The results are stored in the measurements/logs/ directory with the name of the test and a timestamp. Setting the number of iterations per run is useful to later compute means and standard deviations of the results. Note that the config file may set a DATTYPE that is not supported by the target hardware. In this case, the override option allows specifying a different value than the one in the config file. The following command is an example for running a benchmark in a distributed setting on a specific hardware configuration with one GPU, AVX-2 (DATTYPE=256) support, 10 iterations per run, SPLITROLES=1 (6 permutations), and PROCESS_NUM=2,4:

./measurements/run_config.py -p <party_id> -a <ip_address_a> -b <ip_address_b> -c <ip_address_c> -d <ip_address_d> -s 1 -g 1 -i 10 measurements/configs/<config_file>.conf --override DATTYPE=256 PROCESS_NUM=2,4

Finally, the results can be parsed using the parse_logs.py script. The script outputs a .csv table with the results of the benchmark and automatically computes useful stats such as the runtime in seconds, the size of messages sent and received in MB, and the throughput in Gbps. If applicable, the script also computes the number of operations per second, accuracy, and the number of tests that passed. To compute the number of operations per second, the .conf file needs to provide NUM_INPUTS, DATTYPE, and BITLENGTH to compute the formula from above automatically.
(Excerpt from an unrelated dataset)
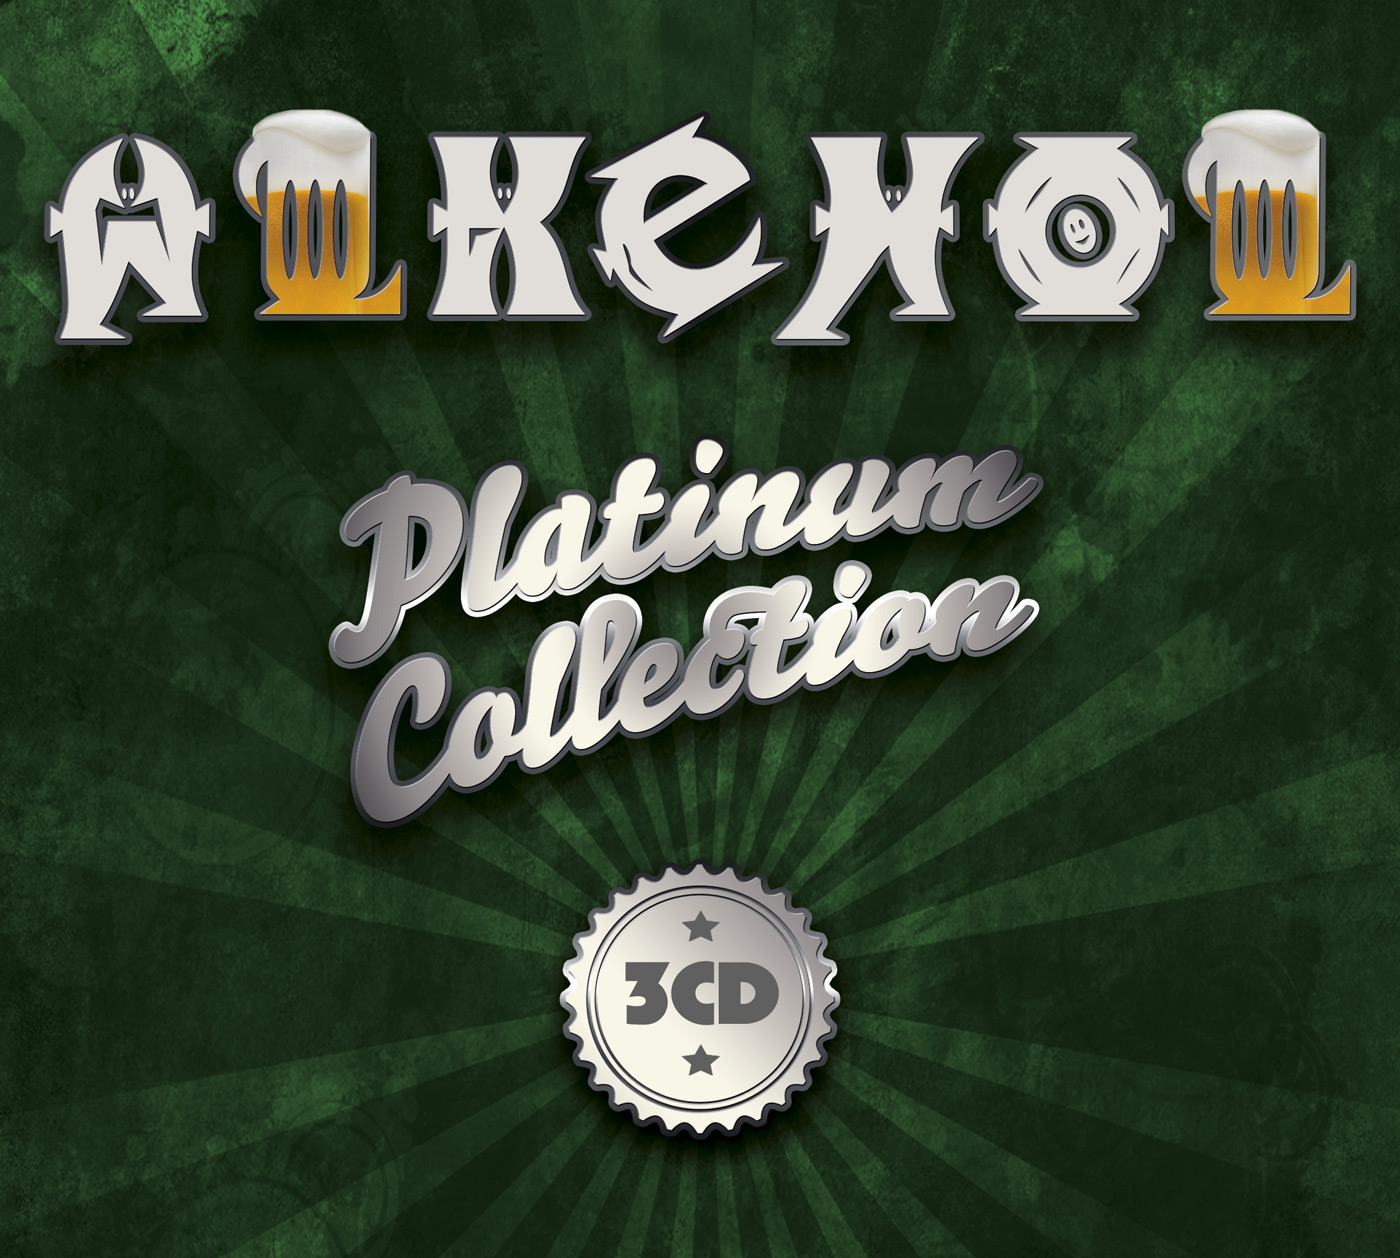 Alkehol - Platinum Collection

The script can either be executed for a single log file or on a directory containing multiple log files.

./measurements/parse_logs.py measurements/logs/<log_file>.log

The neural network specific script parse_layers.py script collects statistics for each neural network layer and outputs a csv table with the results for each model. The script can be executed for a single log file or on a directory containing multiple log files. The run_pretrained.py executes all pretrained neural network models from Pygeon with different configurations regarding truncation, bitlength, and the number of fractional bits.